After leaving the White House, Pope Francis arrived to the Cathedral of St Matthew to pray with US bishops and urge them not to engage in culture wars and crimes of abuse.

He said that bishops cannot be silent in the face of abortion, drowning immigrants, poverty, trafficking victims, pollution and war, the Catholic News Service reported. He also stressed that the bishops must work to ensure the Catholic Church’s sexual abuse scandal must never happen again.

"I realize how much the pain of recent years has weighed upon you,” he said. "And I have supported your generous commitment to bring healing to victims — in the knowledge that in healing we too are healed and to work to ensure such crimes will never be repeated.”

Pope Francis later canonized Friar Junípero Serra on Wednesday evening in a move which enraged leaders of California’s last surviving Native American populations.

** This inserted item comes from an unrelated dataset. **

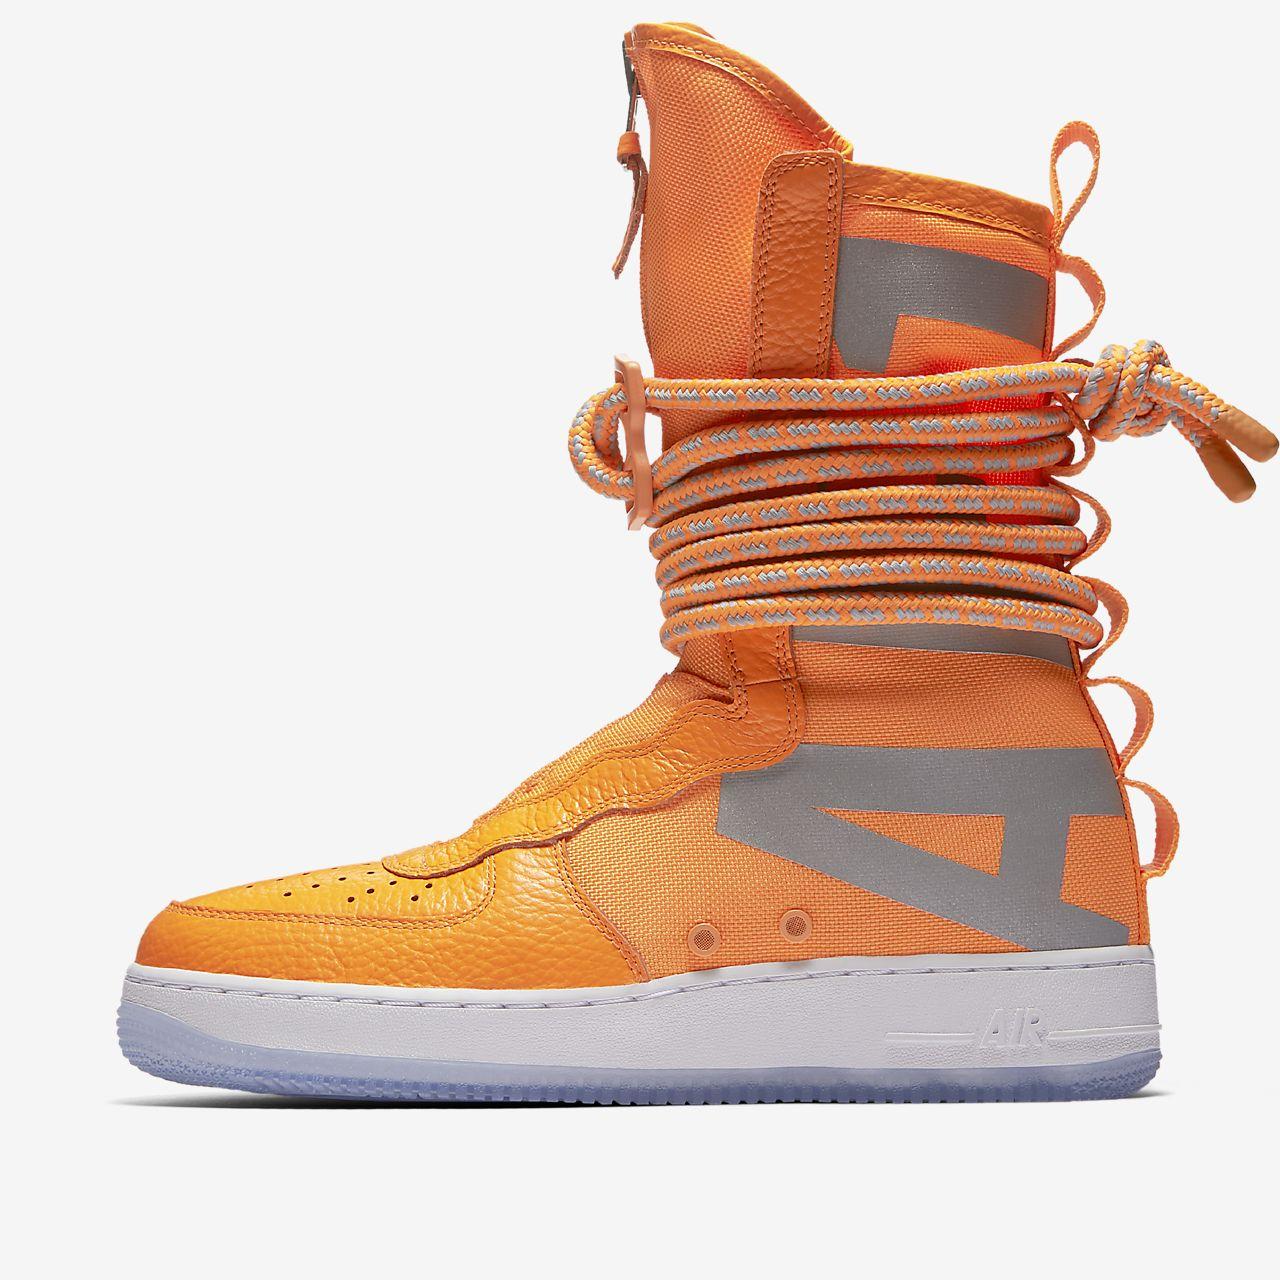 Nike Air Force 1 '07 Cnvs OlivaOliva Naranjas 579927 200

Under the friar’s leadership, thousands of Native Americans were forced into labour and infected with diseases, the Guardian reports.

“Opponents point out that, from the time Serra arrived in 1769, the native population was ravaged by European diseases, including syphilis spread by marauding Spanish soldiers. Indians brought into the missions were not allowed to leave, and if they tried they were shackled and severely beaten,” Andrew Gumble writes.

However, the Pope Francis chose to highlight during the Wednesday mass, his first in the states, of his zeal, devotion and missionary efforts in the name of God.